■ About this task ■
What you return should match the data word for word, minus the images.

■ Stored data ■
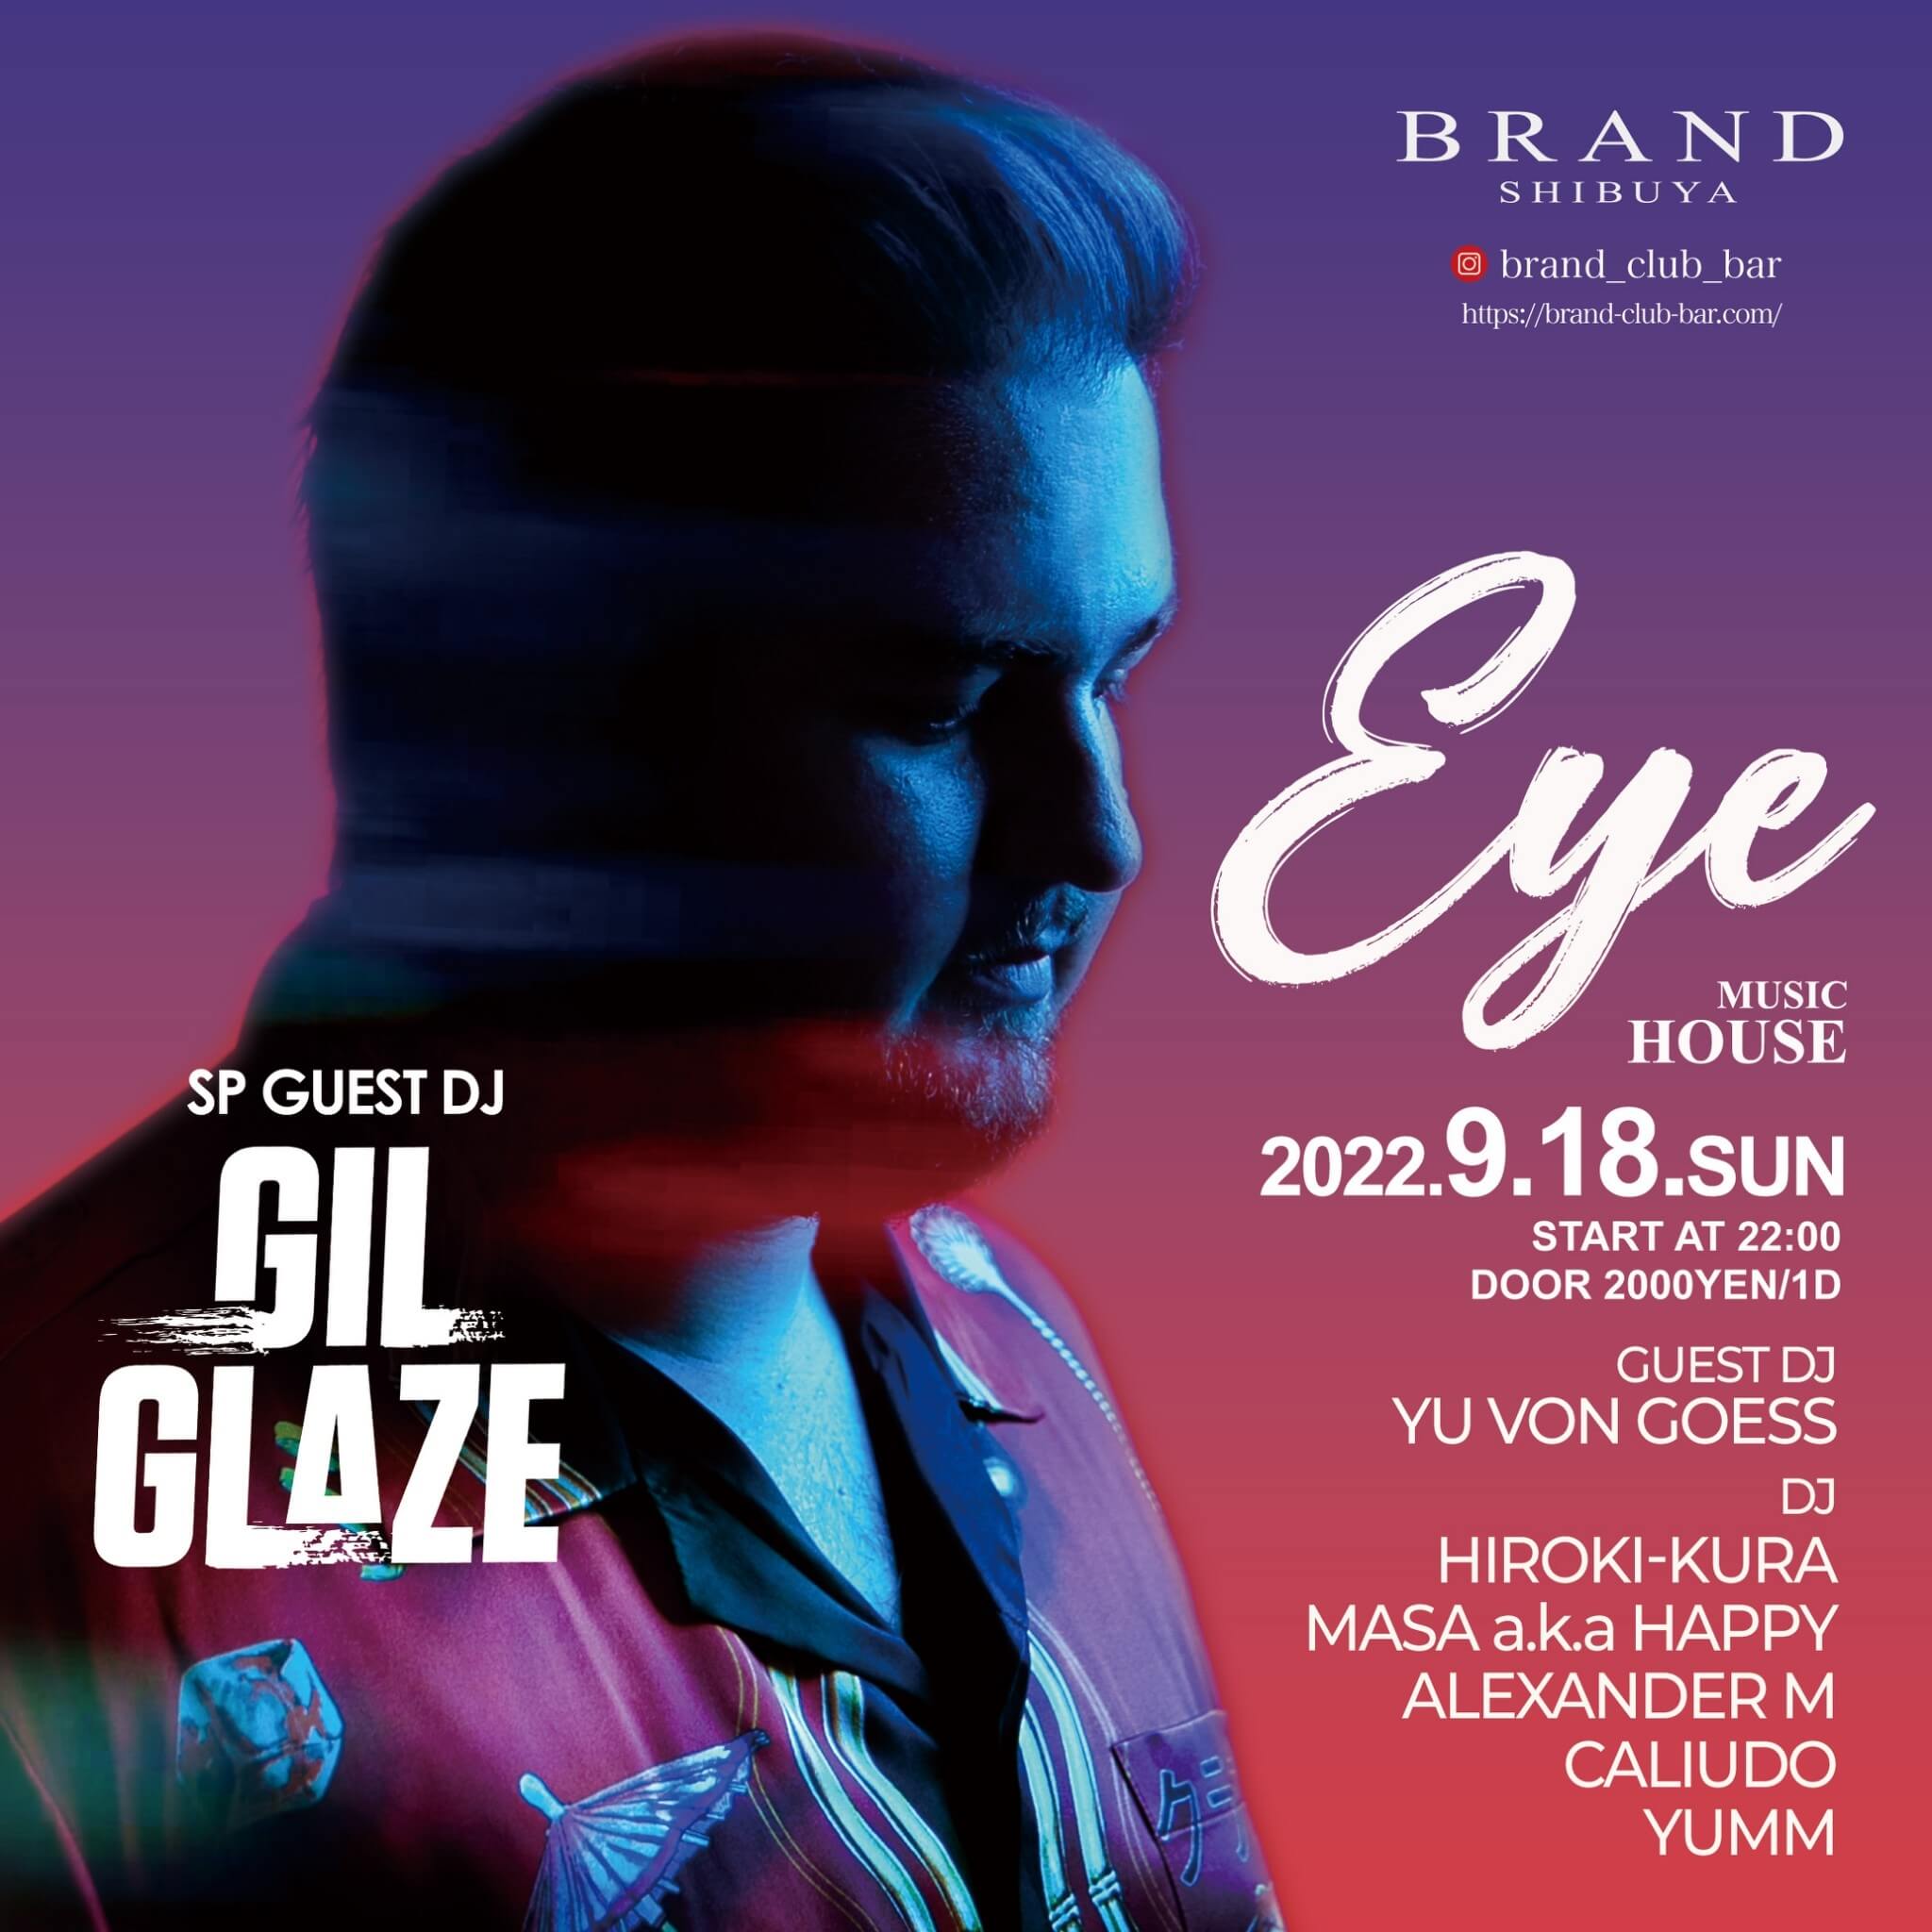 【EYE】 -SP GUEST DJ-  GIL GLAZE
 2022年09月18日（日曜日）に渋谷 クラブのBRAND SHIBUYAで開催されるイベント
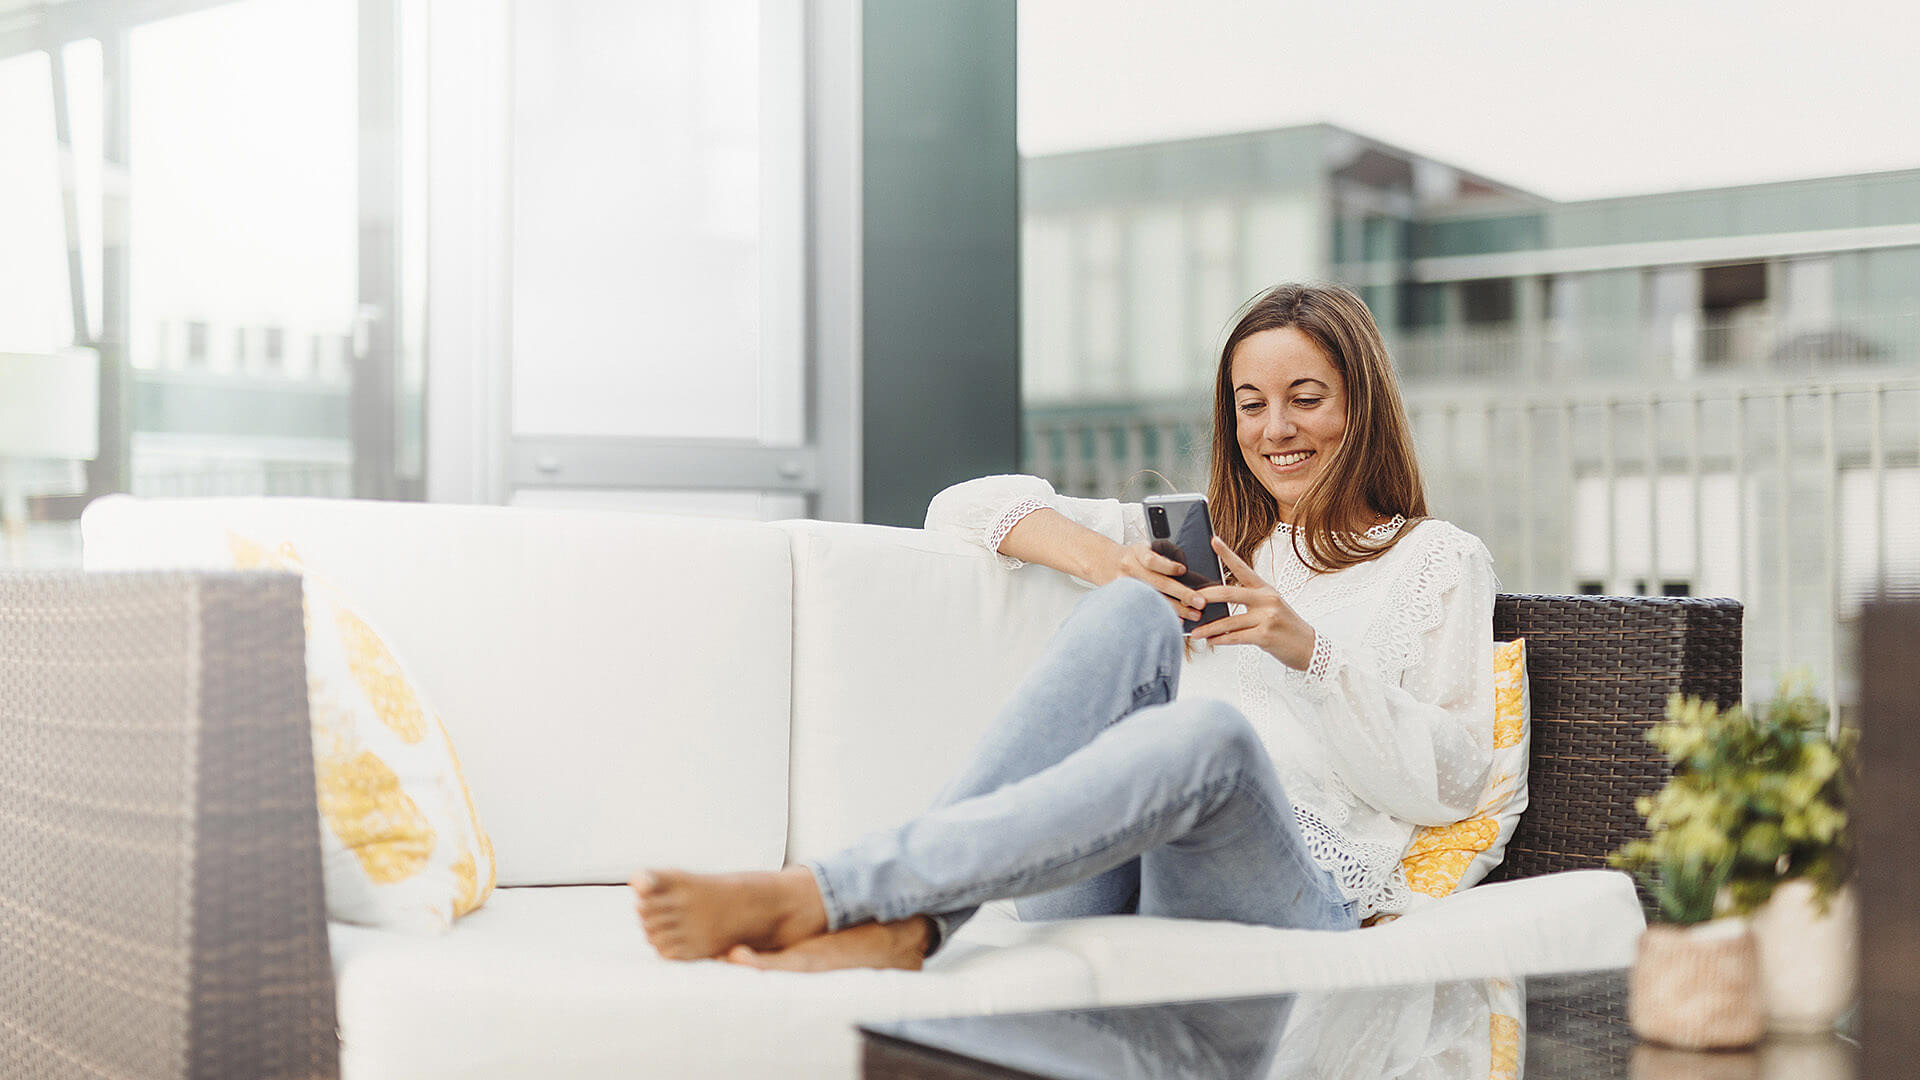 Eine Person sitzt auf einem Sofa, schaut auf ihr Smartphone und lächelt dabei.
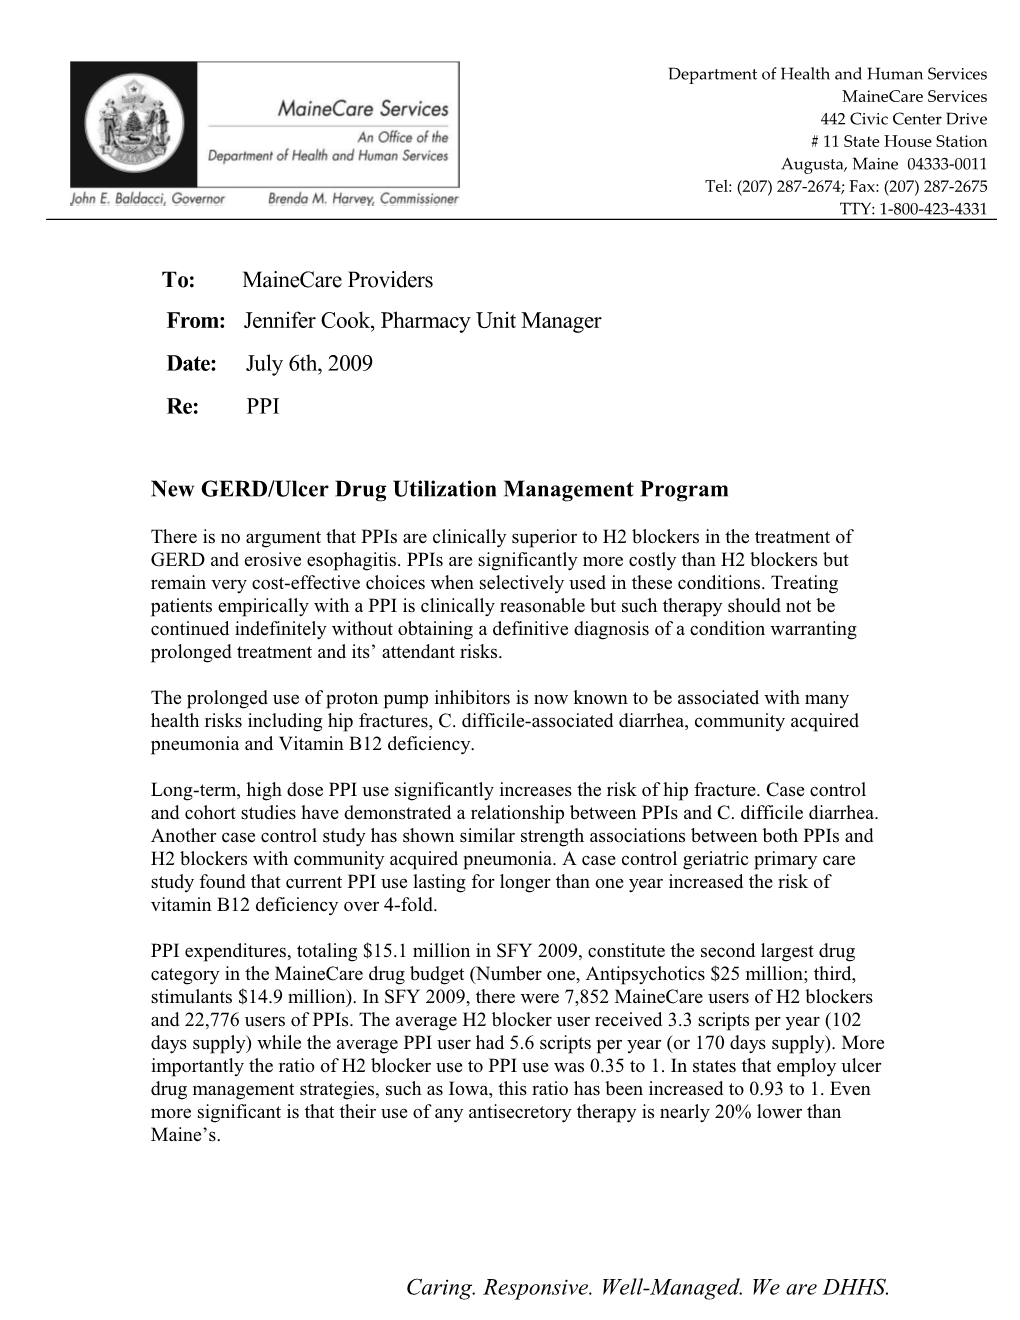 New GERD/Ulcer Drug Utilization Management Program

■ Exercise answer ■
 【EYE】 -SP GUEST DJ-  GIL GLAZE
 2022年09月18日（日曜日）に渋谷 クラブのBRAND SHIBUYAで開催されるイベント
 Eine Person sitzt auf einem Sofa, schaut auf ihr Smartphone und lächelt dabei.
 New GERD/Ulcer Drug Utilization Management Program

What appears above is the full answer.